In this exclusive video for The Jiu Jitsu Times, Professor DeBlass weighs in on the controversial topic of BJJ kids and competition and whether or not it is necessary or should be encouraged.
Competition As Consequence–Competition should be a consequence of one’s love of jiu-jitsu. It should be another way to test oneself and gauge one’s progress. Is it necessary to become better at jiu-jitsu? No, not necessarily. Competition can be seen as another skill that one can work to perfect. Whether one competes or not should entirely be up to the individual. This goes for children as well.
Winning/Losing–For younger students, we should not put too much weight on winning and losing.
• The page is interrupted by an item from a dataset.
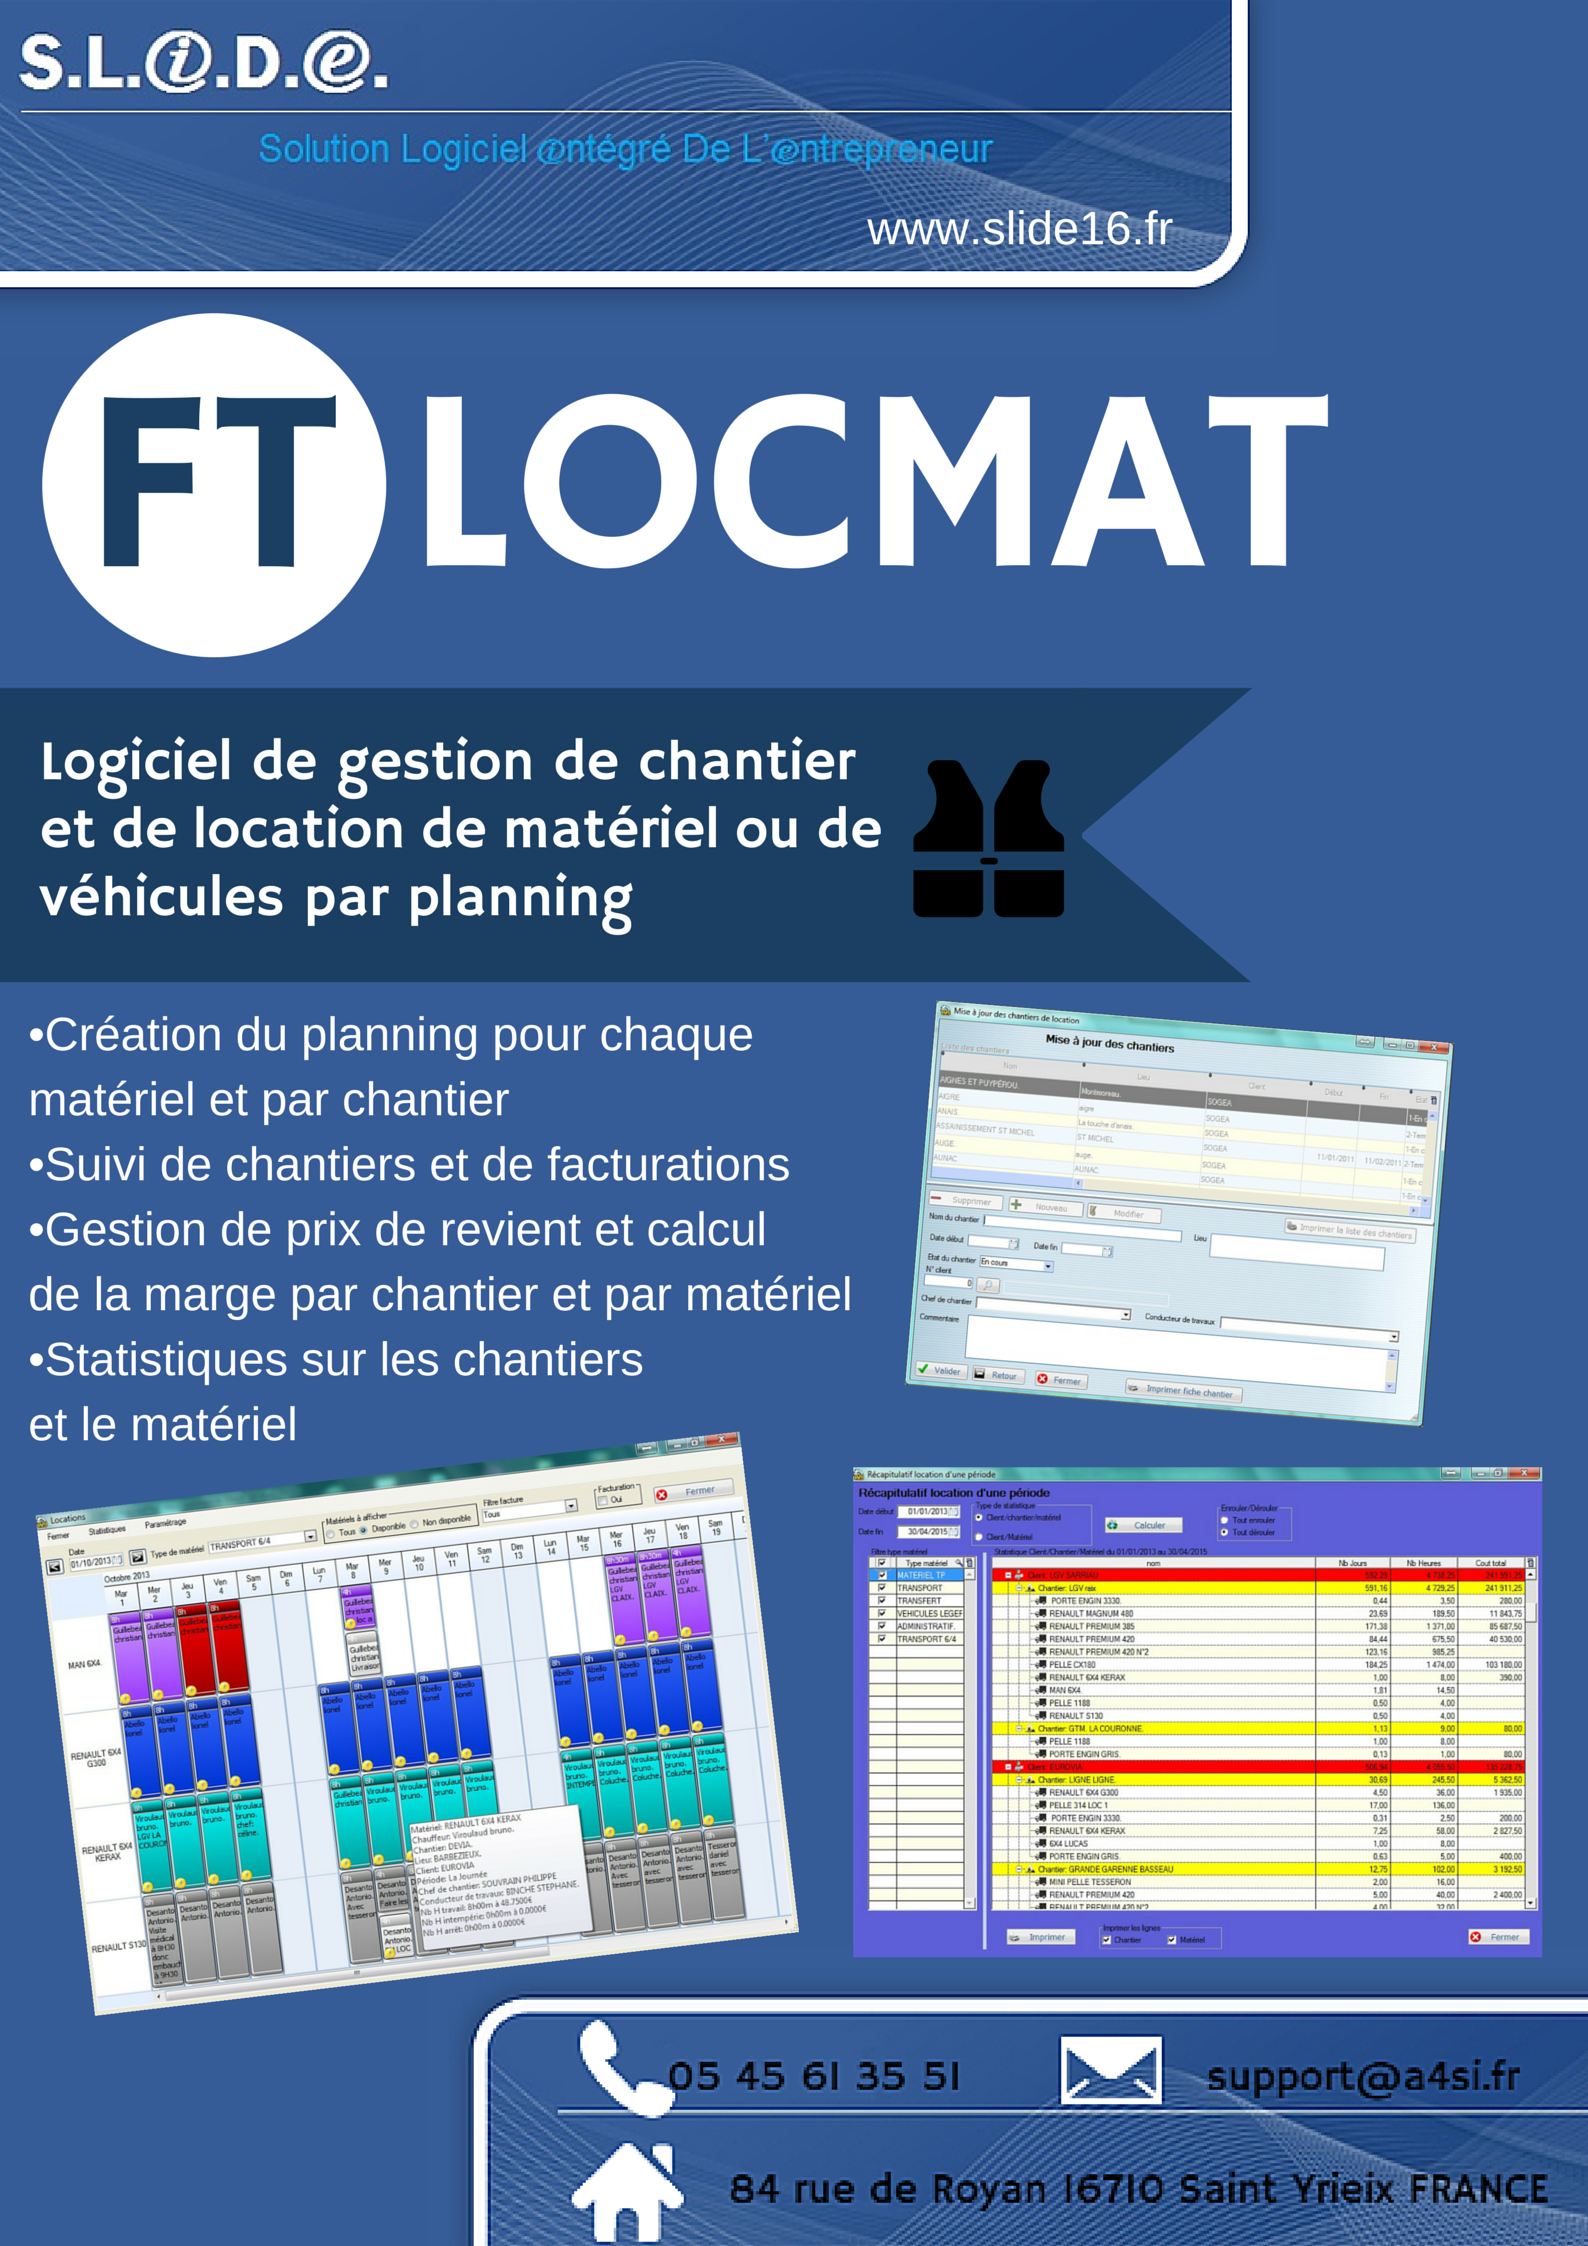 Logiciel de gestion de chantier et de location de matériel ou de véhicules par planning FTLOCMAT

Our goal with our BJJ kids should be to encourage a lifelong love of the martial art.
Parents/Coaches–Many times, parents and coaches, though they usually mean well, can instill too much anxiety into younger students. We should be thankful that they are embarking on a journey that will have lifelong positive benefits if they stick with it.
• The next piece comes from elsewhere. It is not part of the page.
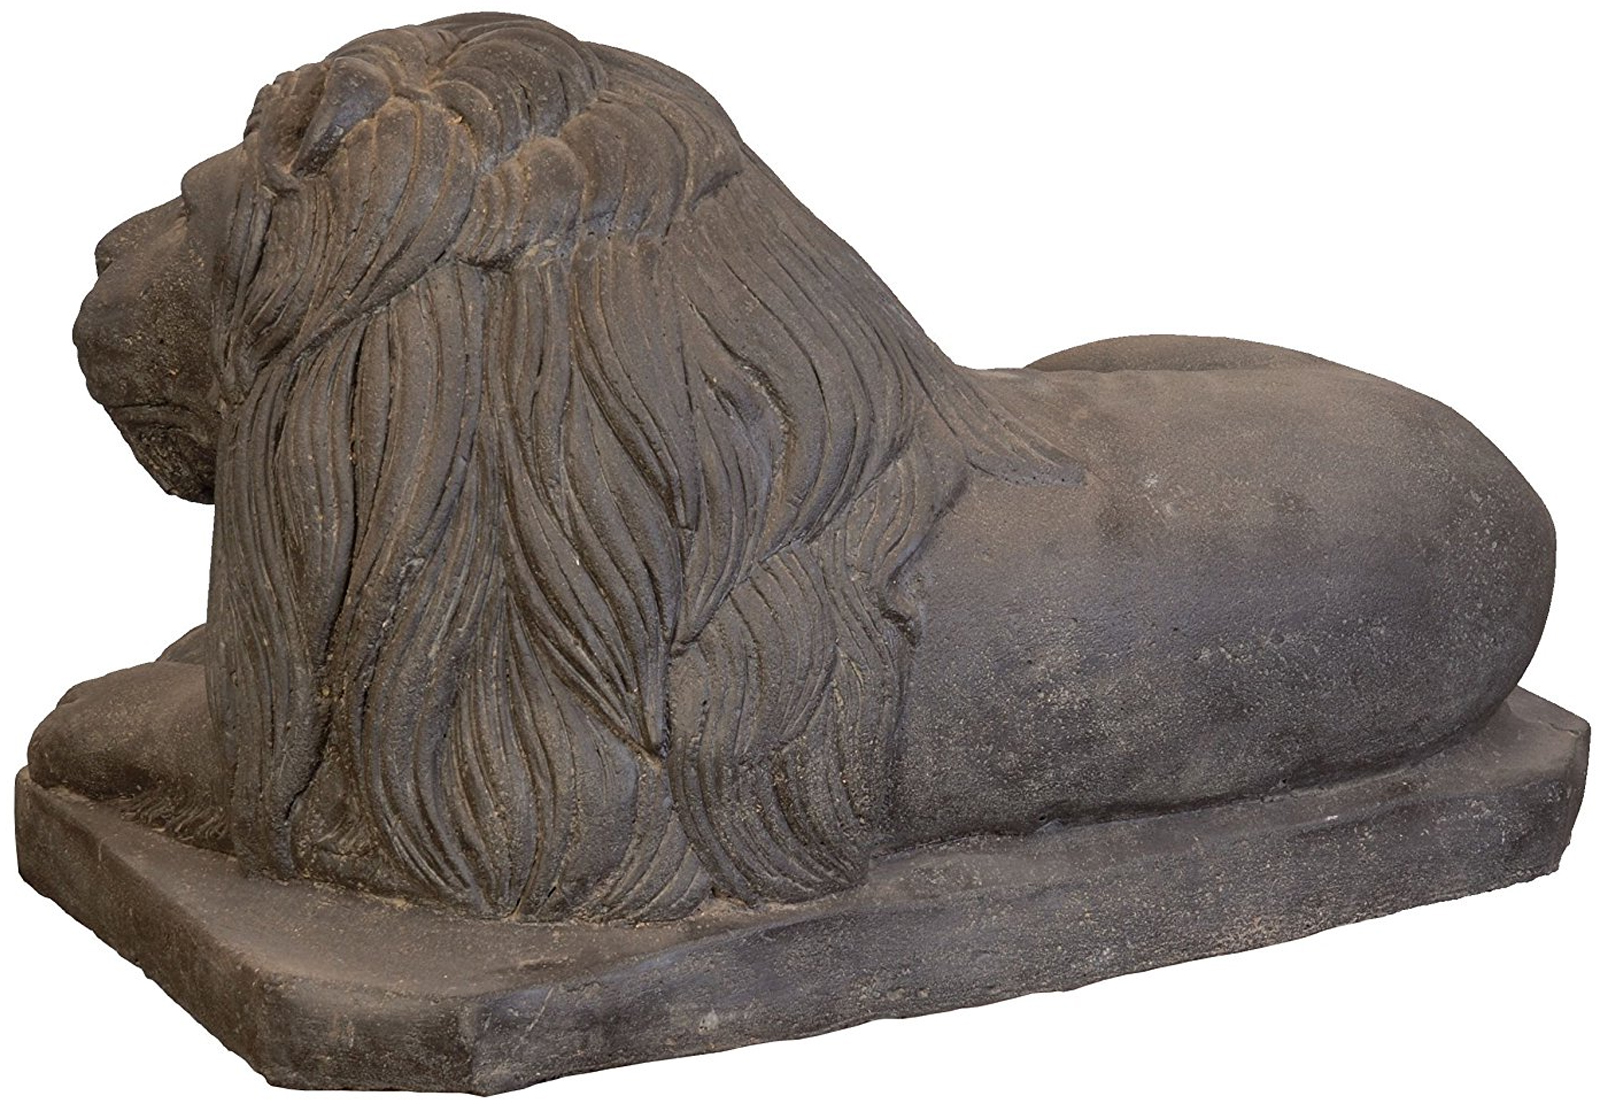 Löwenfigur Steinguss 80cm Rechts

Other Sports–In the majority of other sports, there is practice and then there is competition, whether it’s a soccer game, baseball game, or whatever. In BJJ, once students are old enough and capable of live sparring, they are competing in every class. Adding official competitions to their schedule may not be beneficial to the goal of building a true love of jiu-jitsu. Again, it must be a decision between the child, parents, and coaches, and it must always be made with the goal of building a lifelong practitioner.